Word for word, copy the lines from the one with "2019 25c Kookaburra" to the last line of the data below, counting both, and keep every picture out.

Dataset section:

━━━━━━━━

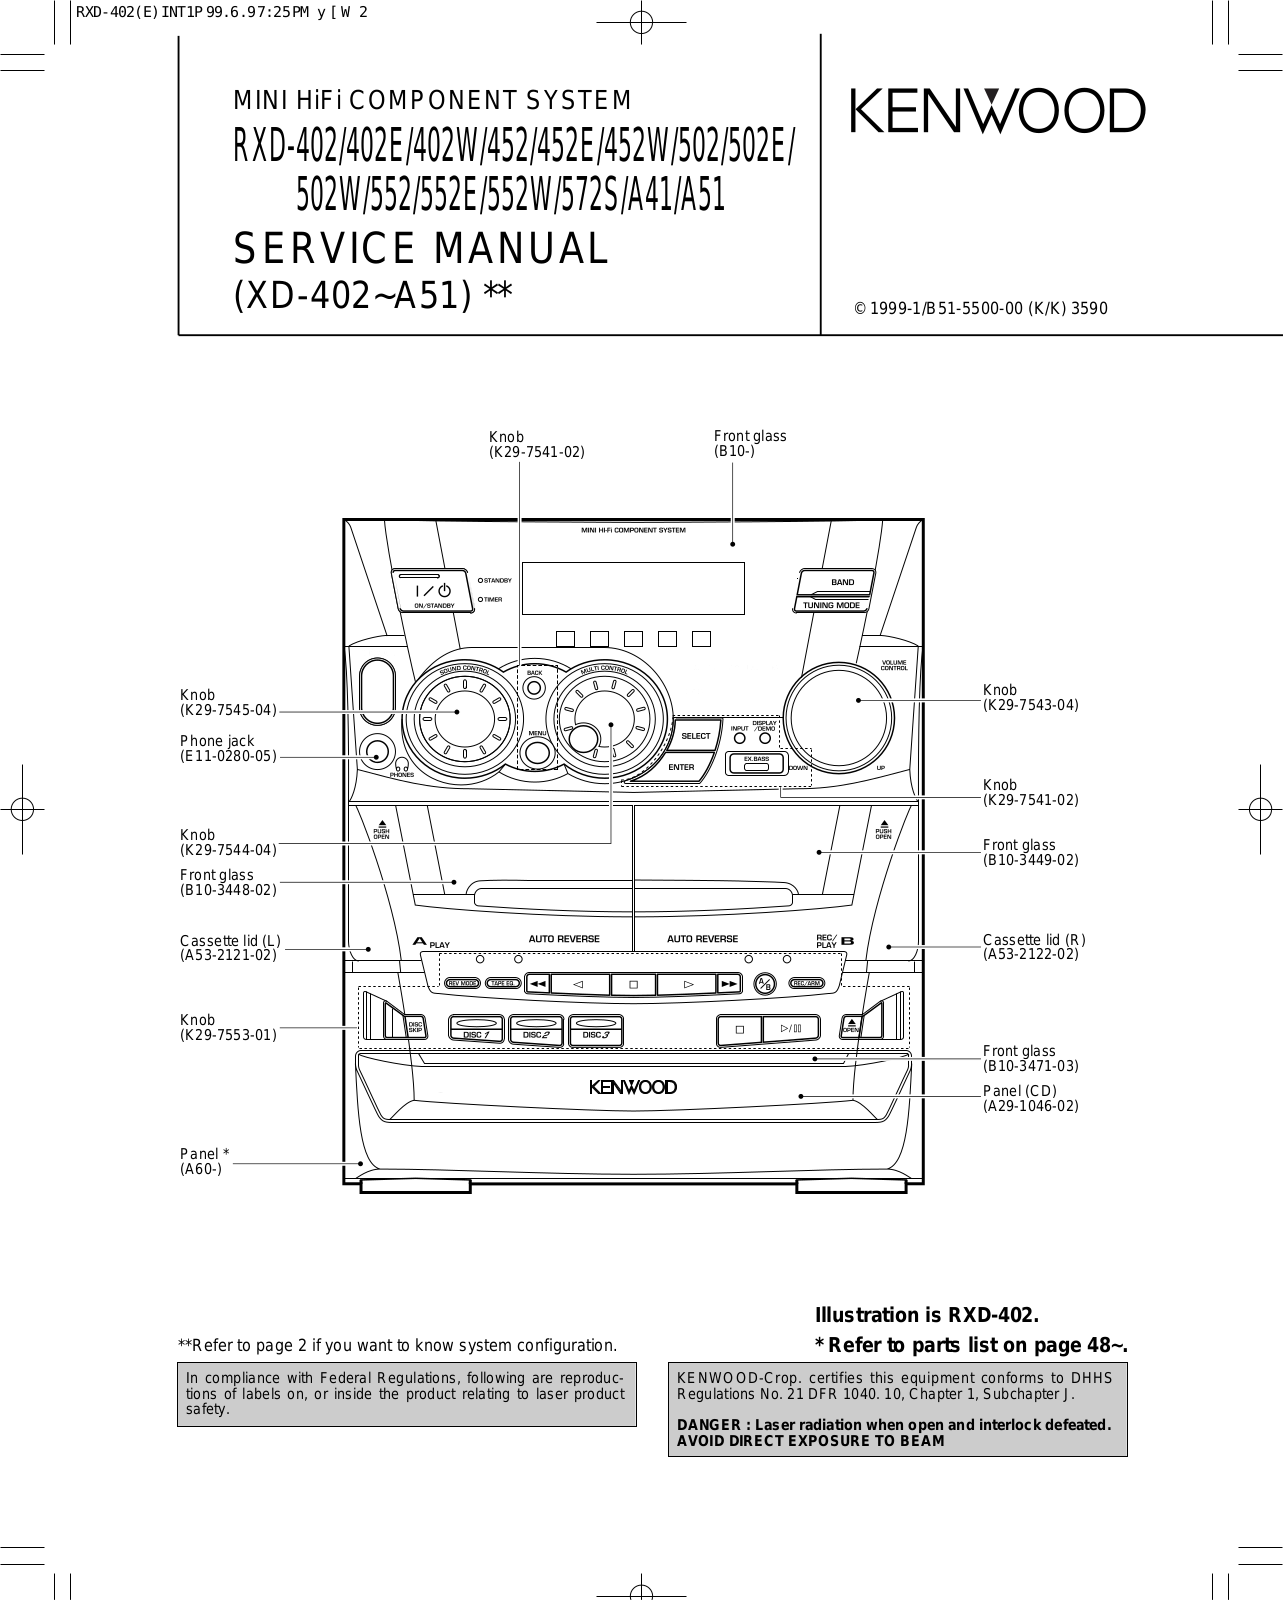 Kenwood RXD-402, RXD-402-E, RXD-402-W, RXD-452, RXD-452-E Service manual
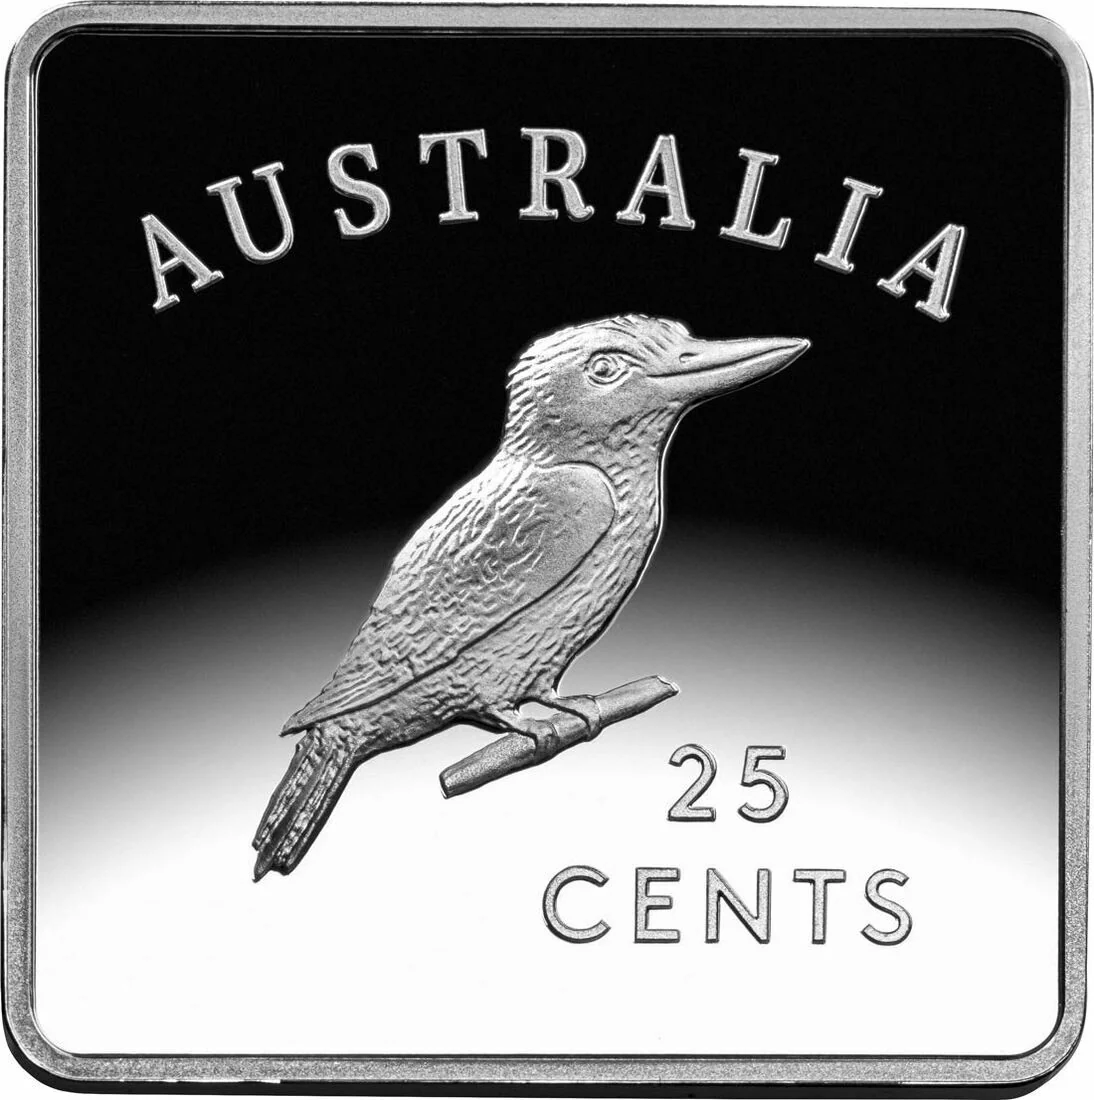 2019 25c Kookaburra Patterns 1919-1921 Fine Silver Proof Coin Set - Obverse View 1
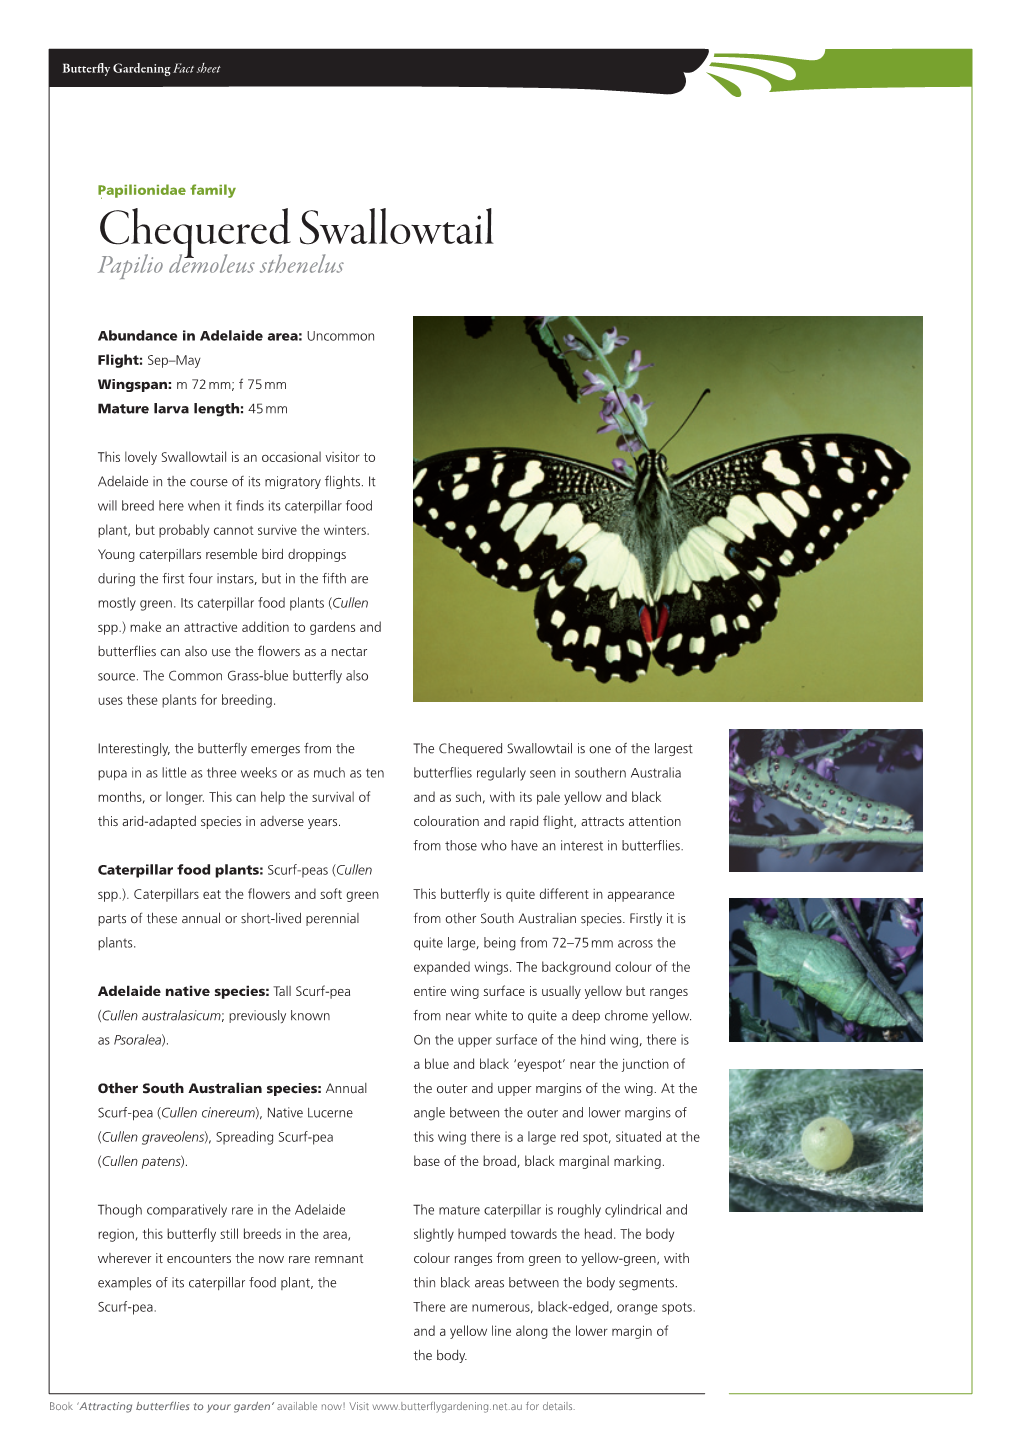 Chequered Swallowtail Papilio Demoleus Sthenelus
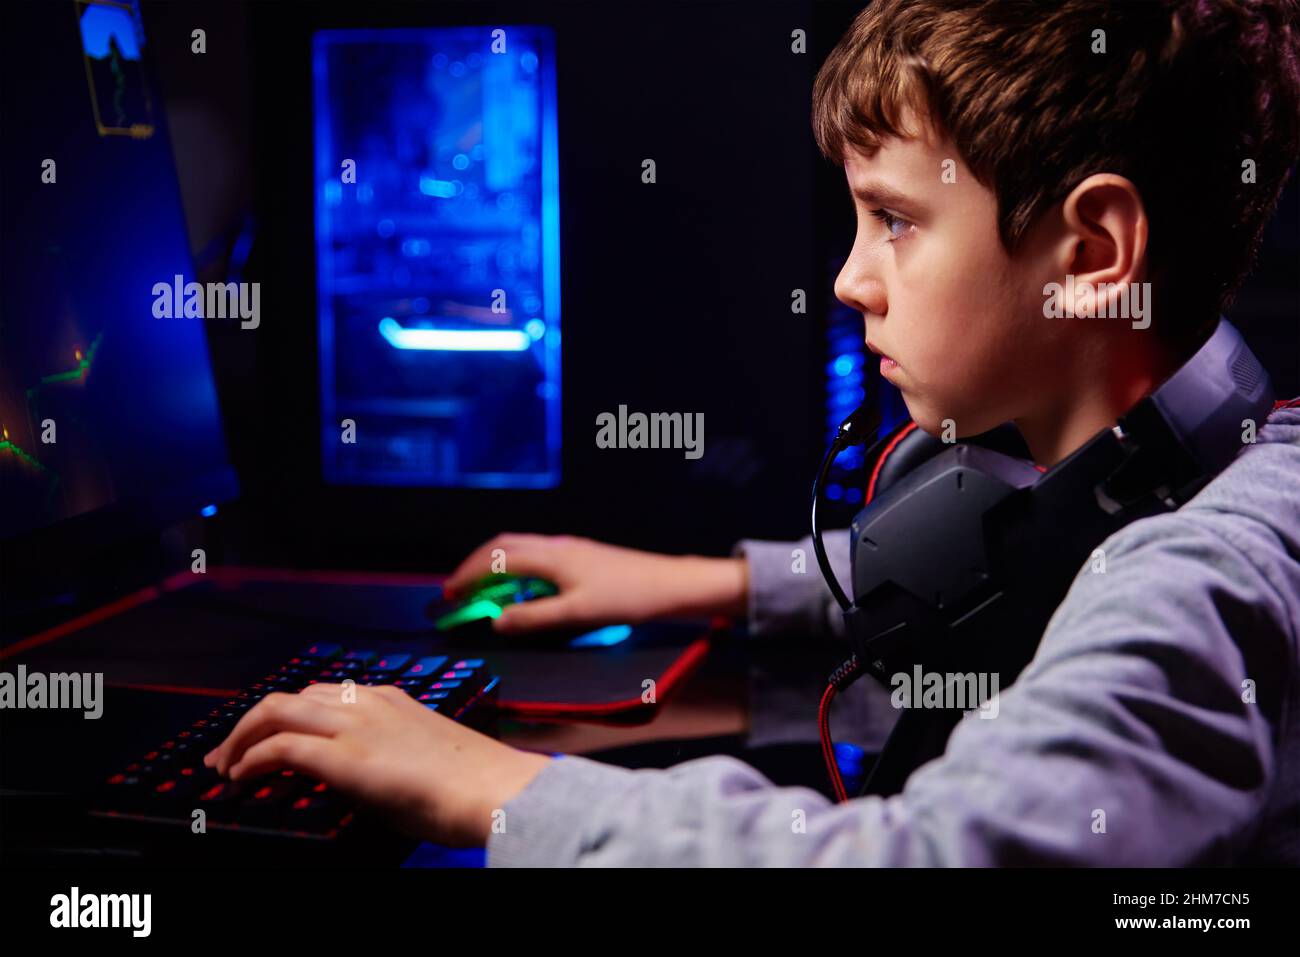 GamerDad: Gaming with Children » Glow in the Dark!

━━━━━━━━

Your solution:
 2019 25c Kookaburra Patterns 1919-1921 Fine Silver Proof Coin Set - Obverse View 1
 Chequered Swallowtail Papilio Demoleus Sthenelus
 GamerDad: Gaming with Children » Glow in the Dark!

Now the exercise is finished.